## Problem description
Could you set down the listing below exactly and omit its images?

## Input data
• • • • •
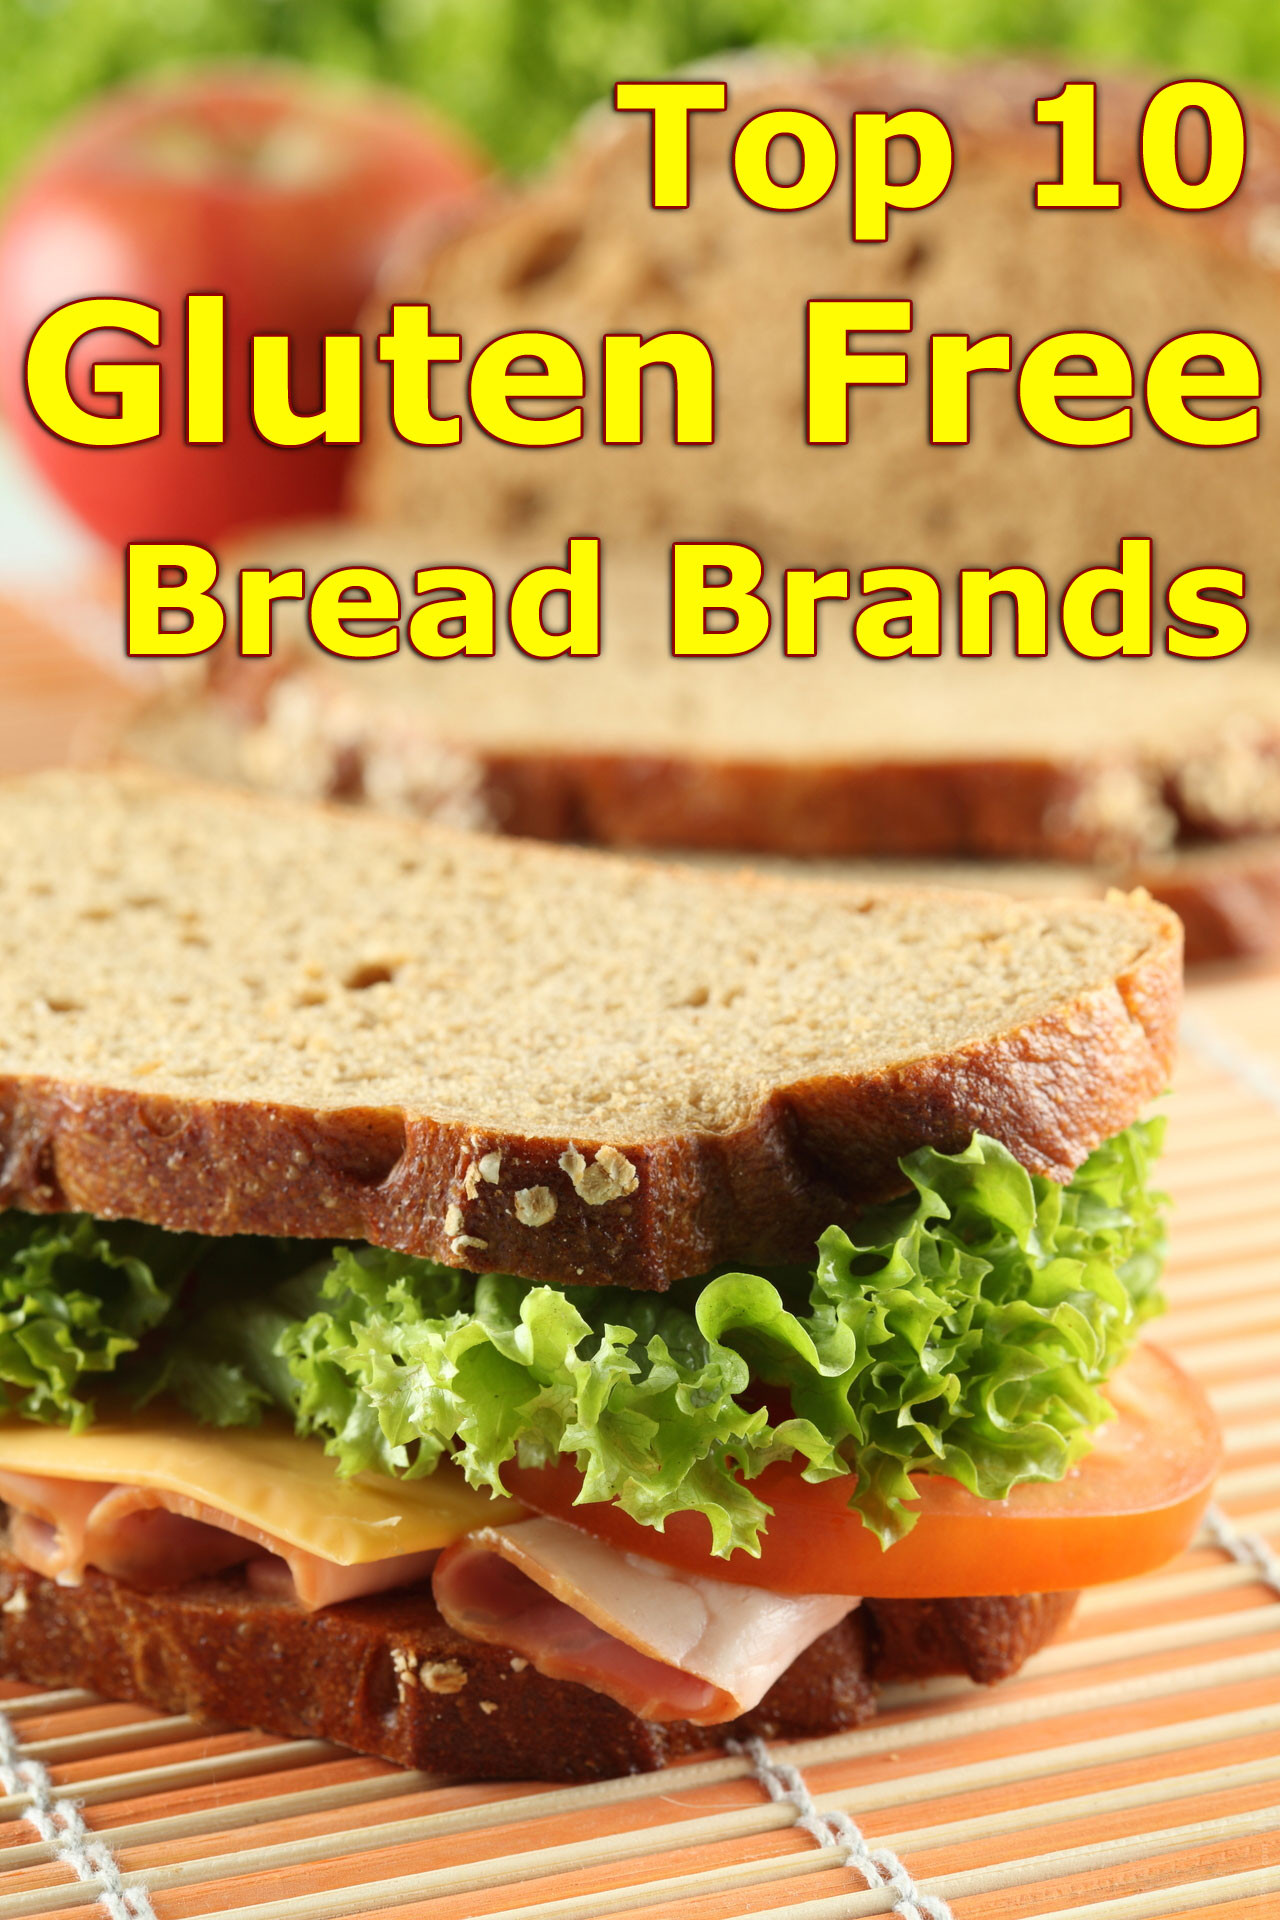 Vegan Gluten Free Bread Brands  Top 10 Gluten Free Bread Brands
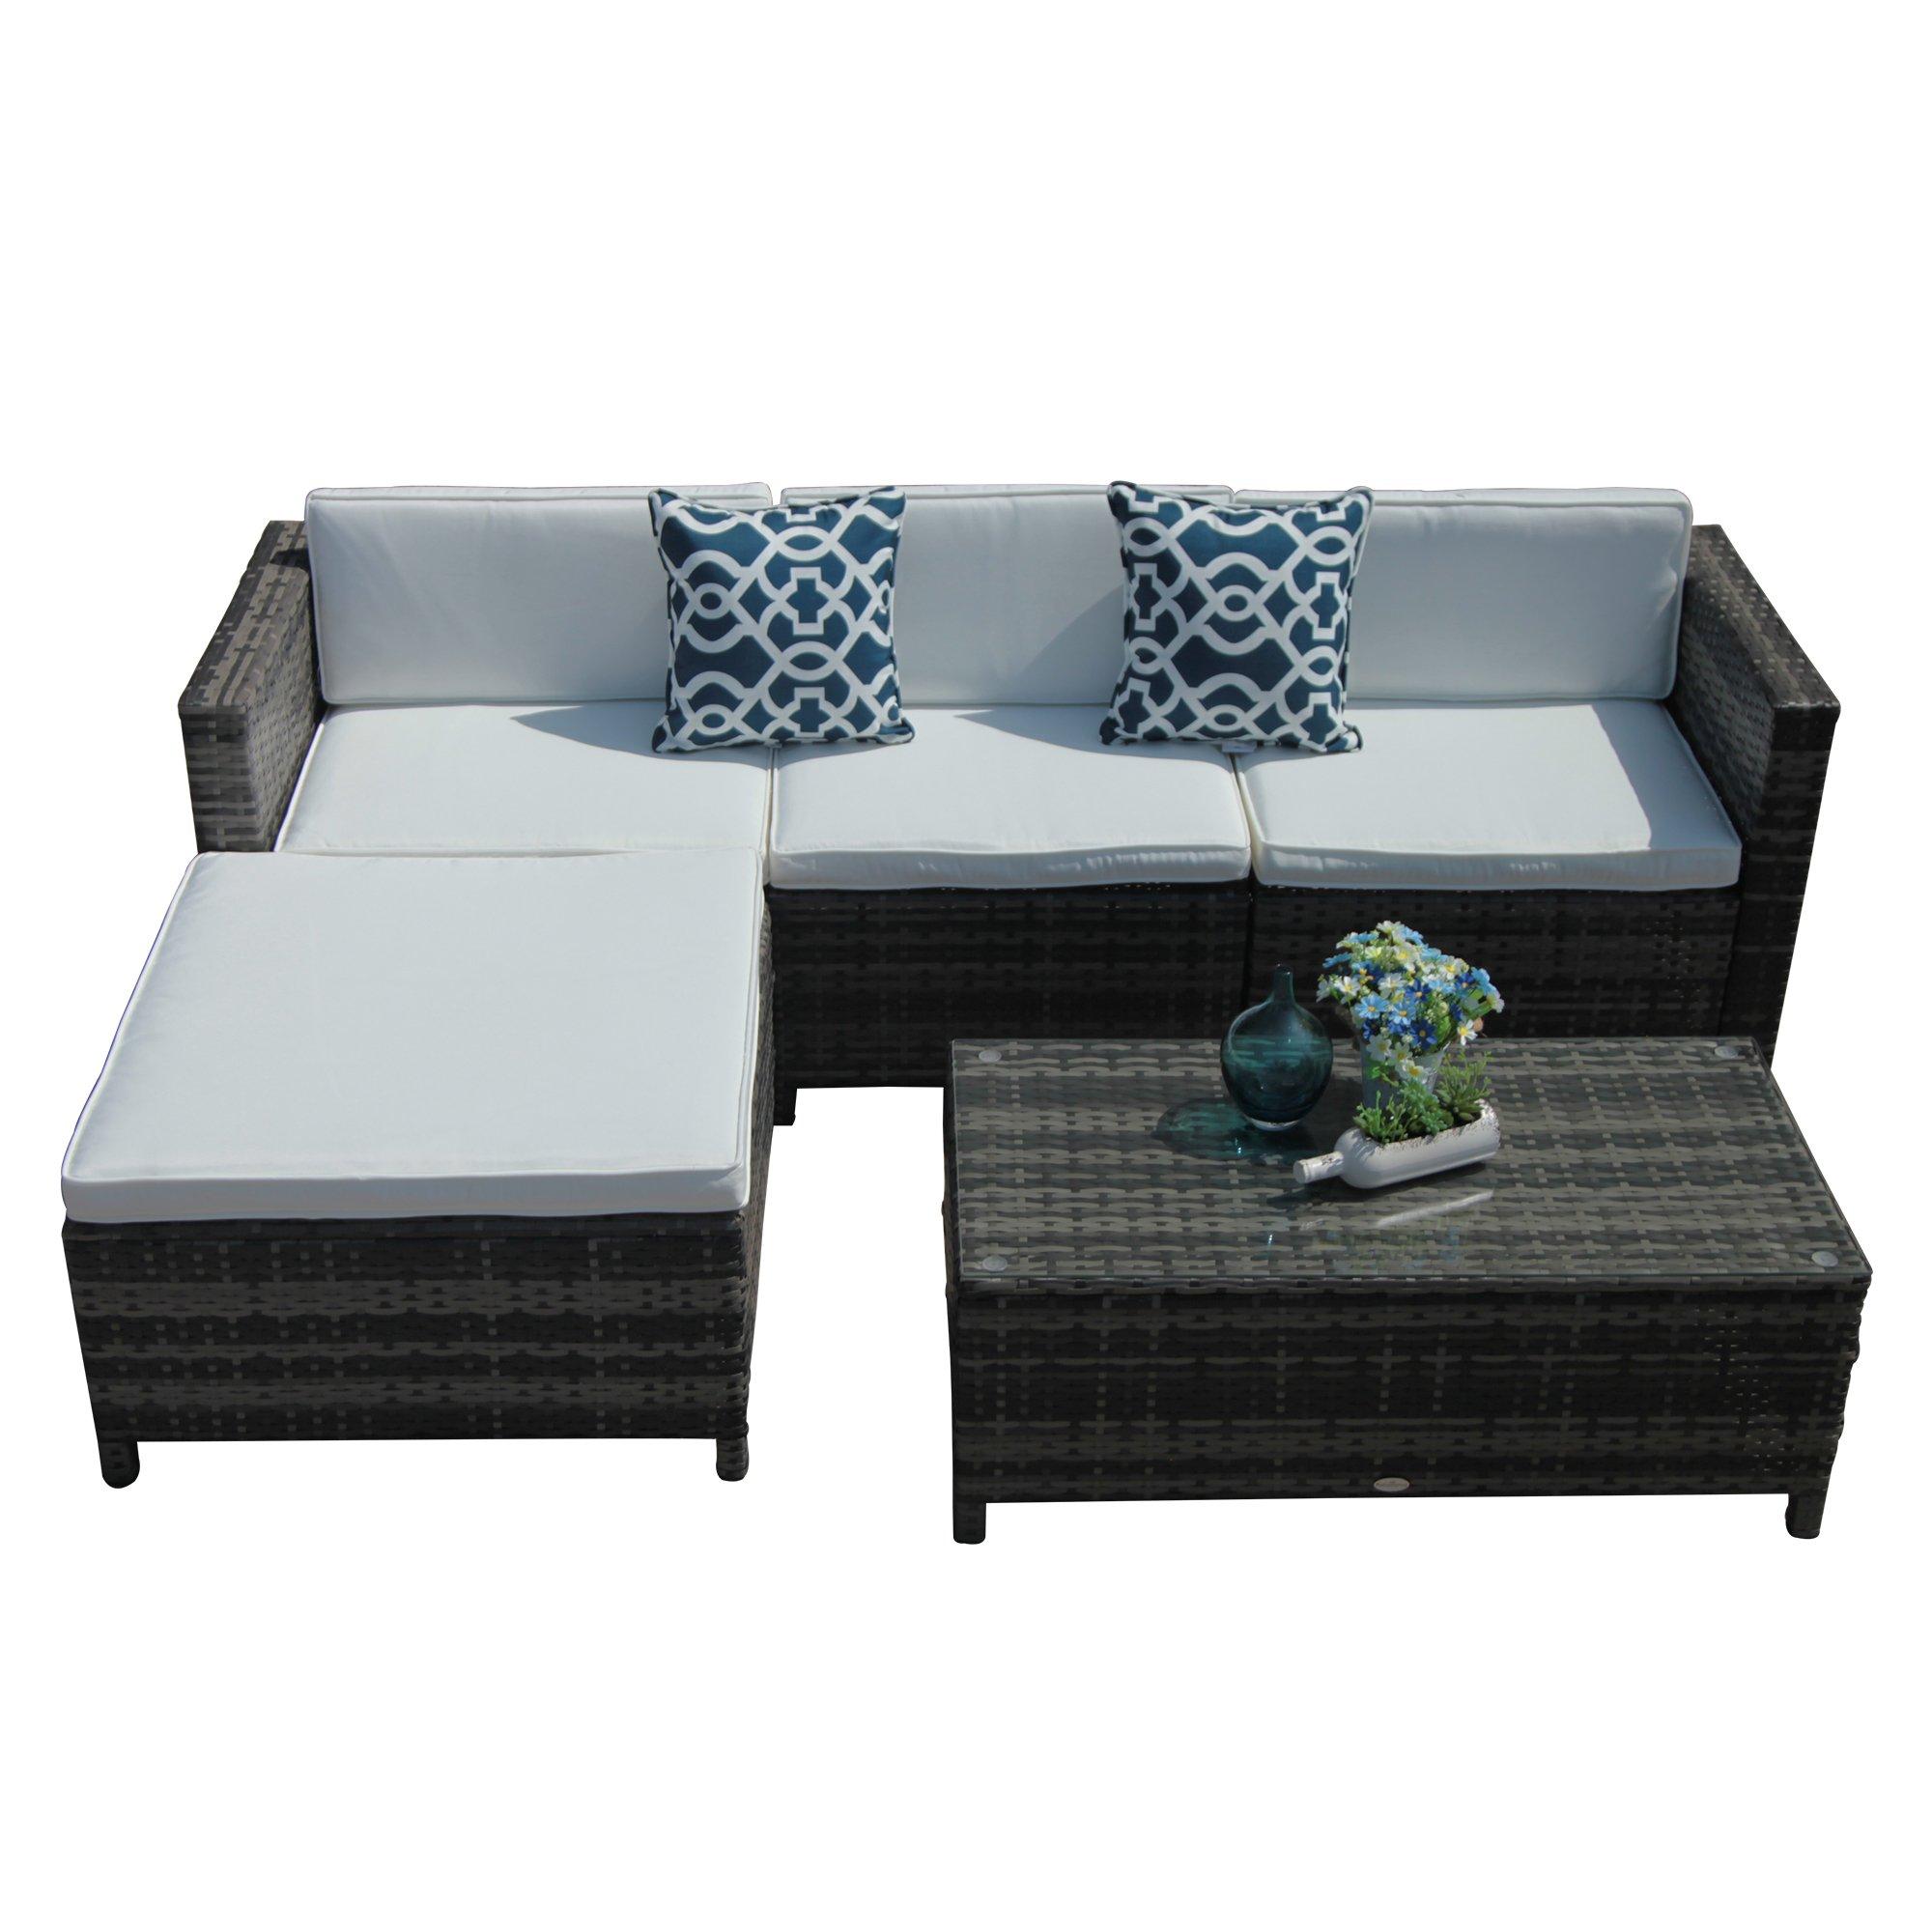 Patiorama 5 Piece Patio Furniture Set, All Weather Grey PE ... on 5 Piece Sectional Patio Set id=79512
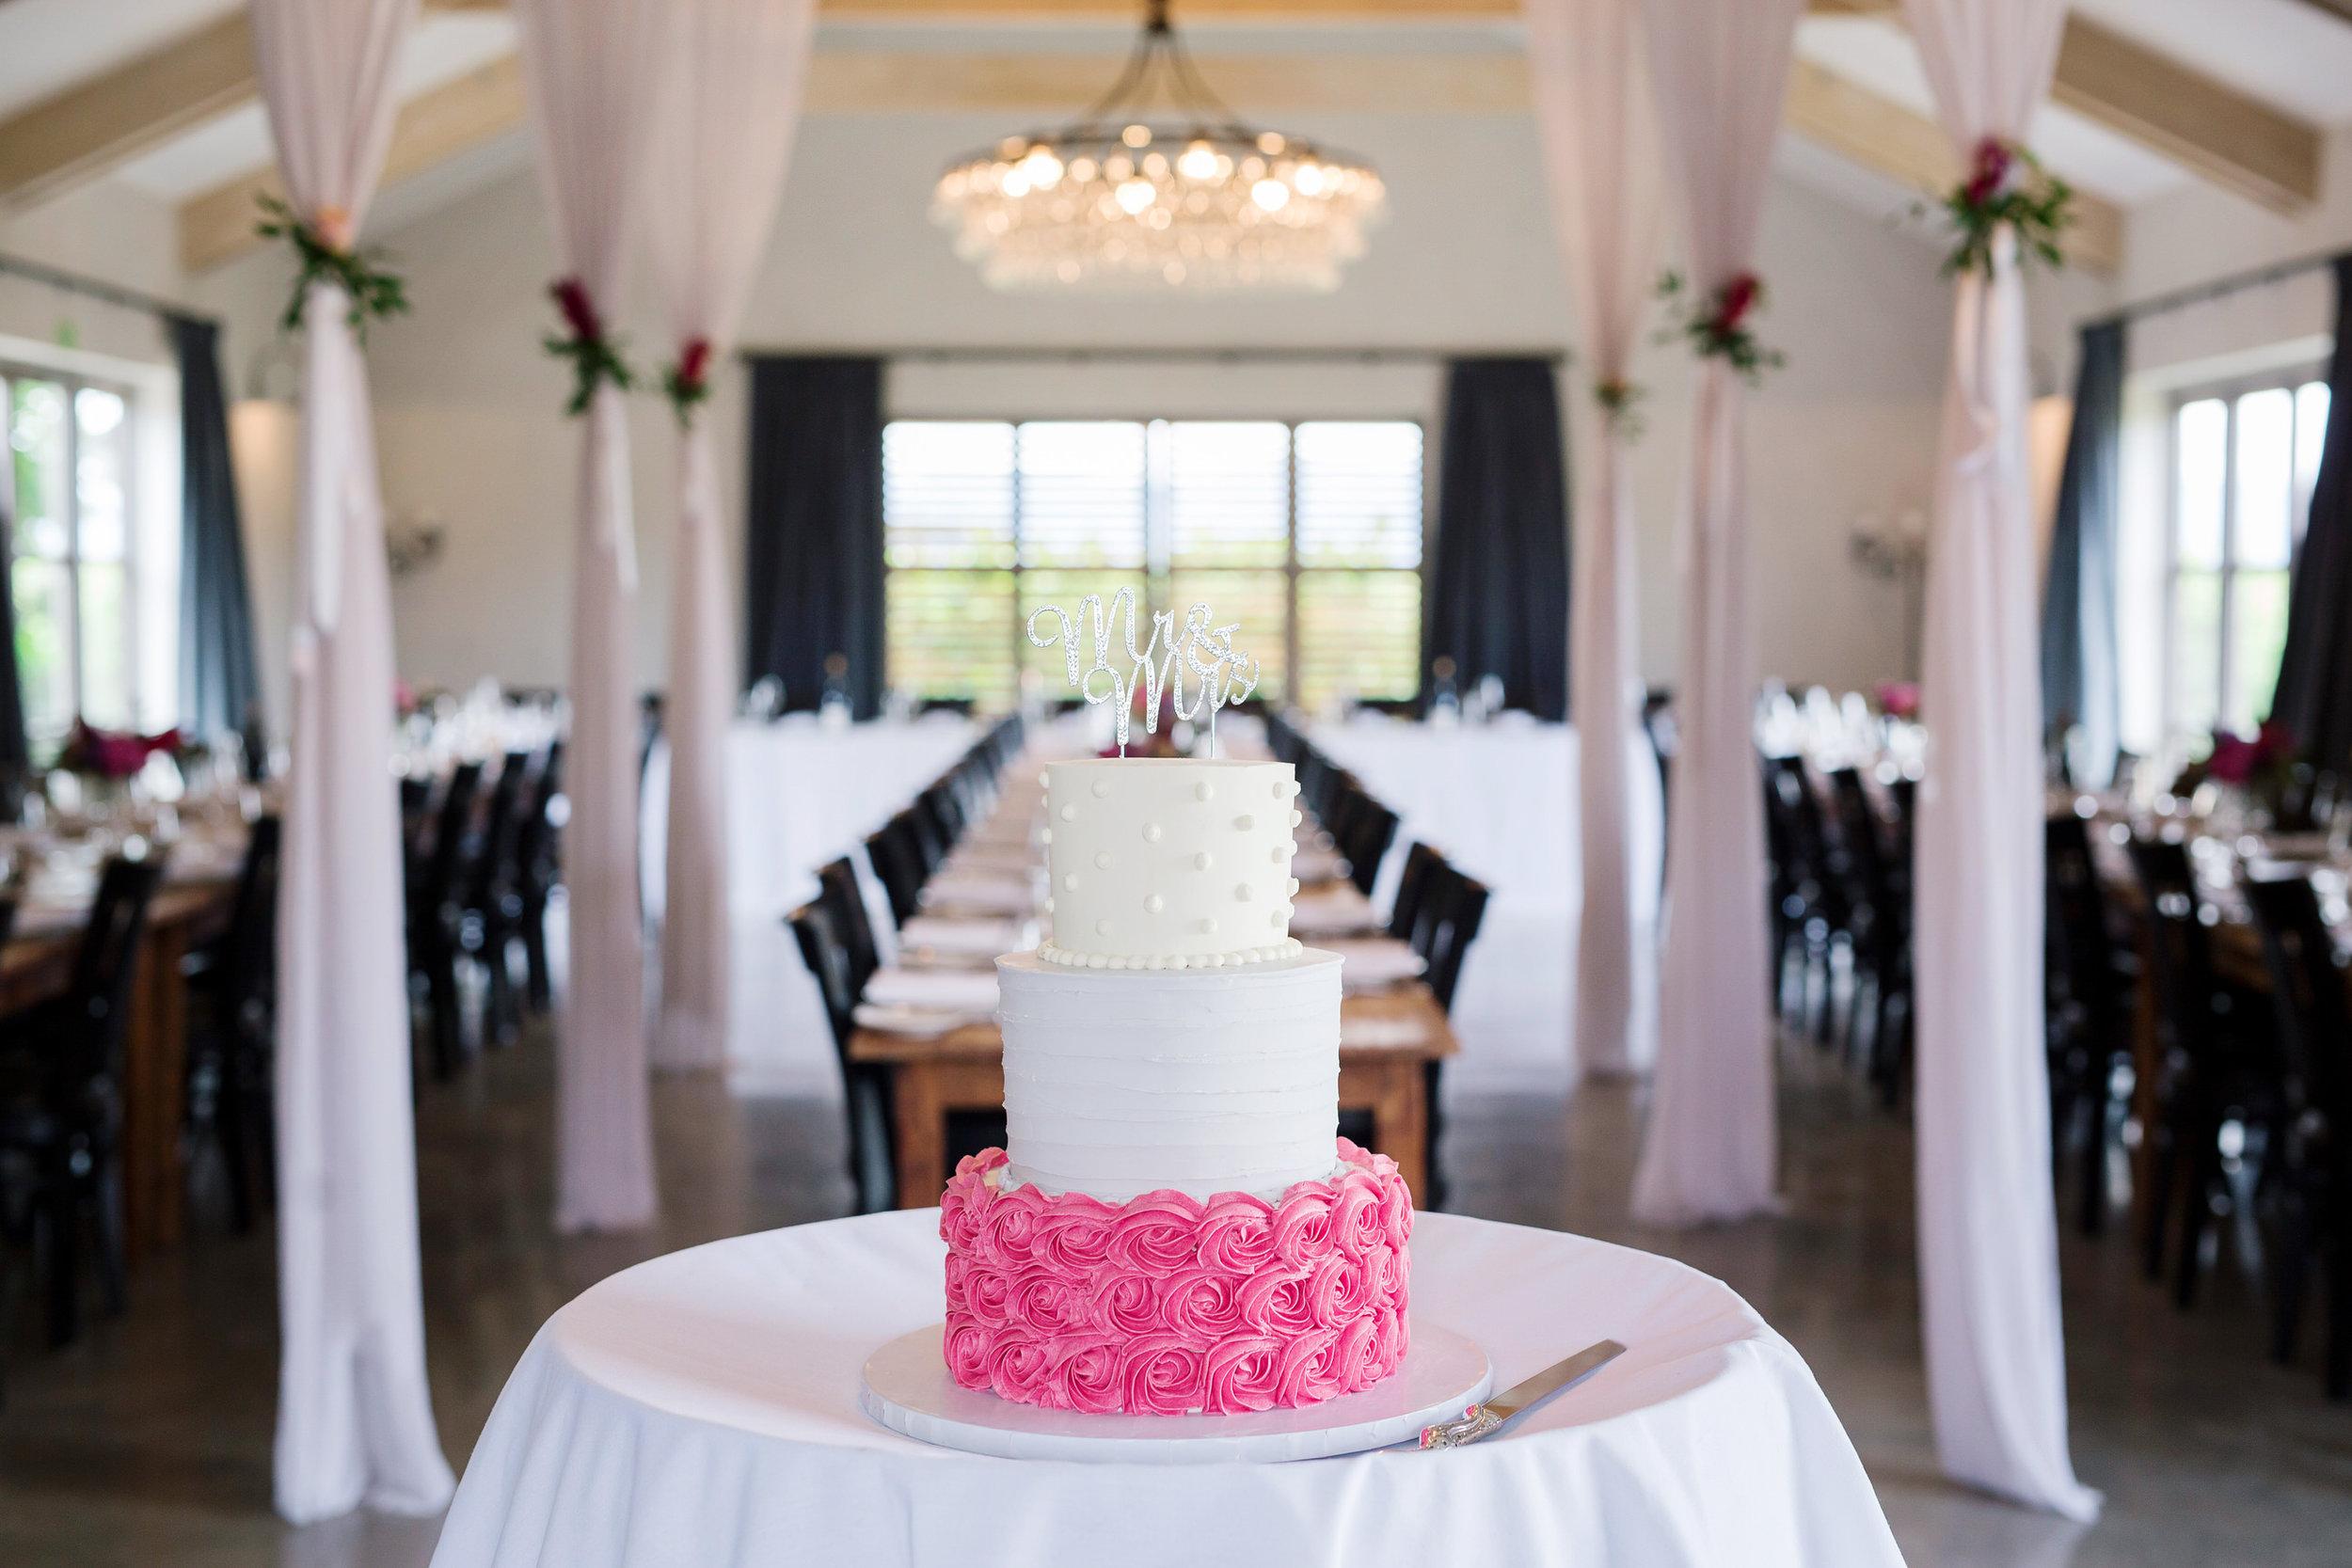 Martinborough-Poppies-Wedding-Caine-Eloise-Toni-Larsen-0122.jpg
• • • • •
## Answer section
 Vegan Gluten Free Bread Brands  Top 10 Gluten Free Bread Brands
 Patiorama 5 Piece Patio Furniture Set, All Weather Grey PE ... on 5 Piece Sectional Patio Set id=79512
 Martinborough-Poppies-Wedding-Caine-Eloise-Toni-Larsen-0122.jpg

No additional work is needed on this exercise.